Some time in the late 1970s, I went with my family to the airport to wait for my aunt to arrive. It was going to be a long wait and I went for a browse in the airport shop. There, I saw a book called Star Trek Lives! which had been written by some women who’d been heavily involved in Star Trek fandom, right back when it first started in the 1960s.

I’d sort of known other people liked the series and had a vague memory of a campaign to keep it on the air, but that was all. After reading the book, I went off to find fellow fans and the local club and fanzines… Hey, I’d never dreamed that people wrote fan fiction to keep themselves going when there was no Star Trek to watch, or to answer questions for themselves and others – like, what happened in the Mirror Universe after Kirk and his friends went home? What kind of people are Vulcans in a universe where everyone is violent and nasty?
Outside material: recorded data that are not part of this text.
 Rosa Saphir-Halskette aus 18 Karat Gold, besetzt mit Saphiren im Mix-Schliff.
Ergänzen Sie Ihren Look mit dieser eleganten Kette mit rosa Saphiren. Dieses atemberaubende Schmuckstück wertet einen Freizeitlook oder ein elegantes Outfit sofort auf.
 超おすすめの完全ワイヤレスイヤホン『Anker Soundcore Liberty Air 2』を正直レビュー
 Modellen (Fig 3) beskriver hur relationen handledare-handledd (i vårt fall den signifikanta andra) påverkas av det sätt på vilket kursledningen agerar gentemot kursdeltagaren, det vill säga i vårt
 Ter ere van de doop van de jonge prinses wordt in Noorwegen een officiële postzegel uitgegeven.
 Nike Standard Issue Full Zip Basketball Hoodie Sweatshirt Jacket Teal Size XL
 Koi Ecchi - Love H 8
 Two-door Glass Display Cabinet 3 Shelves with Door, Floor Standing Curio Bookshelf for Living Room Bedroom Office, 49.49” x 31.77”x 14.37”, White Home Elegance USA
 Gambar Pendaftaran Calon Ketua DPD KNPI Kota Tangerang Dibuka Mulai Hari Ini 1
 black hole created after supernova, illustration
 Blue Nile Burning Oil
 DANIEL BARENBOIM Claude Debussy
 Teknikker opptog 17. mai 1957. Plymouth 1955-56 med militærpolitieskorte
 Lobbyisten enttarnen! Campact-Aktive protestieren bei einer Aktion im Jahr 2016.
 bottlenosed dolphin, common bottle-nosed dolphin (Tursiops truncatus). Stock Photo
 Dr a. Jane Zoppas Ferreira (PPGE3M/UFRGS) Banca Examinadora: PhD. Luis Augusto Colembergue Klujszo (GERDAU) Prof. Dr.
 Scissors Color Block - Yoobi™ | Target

What kind of society do the Klingons have? Star Trek Lives let me know that this sort of thing was going on, and what kind of activities fans got up to. For many years, I wrote fan fiction, went to conventions and hung out with fellow Trek fans, some of whom are still my friends.

When I opened Harry, A History, written by Melissa Anelli, American Potter fan and webmistress of the hugely popular web site The Leaky Cauldron, I found myself nodding in recognition. I’d been there. I, too, had found something that excited me and gave me something to discuss, that let me be creative. I’d made costumes, stitched tapestries and appliqués (one as part of a hanging for a children’s ward in a hospital), written dozens of fan stories and articles and zine reviews that led to professional writing. I, too, had been involved in charity fundraising ( still am – a bunch of Melbourne fans go out collecting for the Royal Children’s Hospital during its Good Friday Appeal). I, too, was familiar with fannish politics and the kind of fans who just don’t understand that this is fiction.

Melissa Anelli wasn’t one of the original Potter fans. She discovered the first book when her sister made her get a copy for light reading while shopping for university text books. While she enjoyed it very much, it took another couple of years and a job she hated to get her further into this universe. Somehow, she found herself becoming more and more involved, even taking time off work for supposed family emergencies to go to England when new books in the series came out.

In this very enjoyable and entertaining history of the American branch of Potter fandom, the author also tells how Jo Rowling managed to sell her first book and how many people promoted and supported her manuscript.

And yes, I think as a history of a fandom, it's a Potter parallel to Star Trek Lives!, though not as gushing, thank heaven.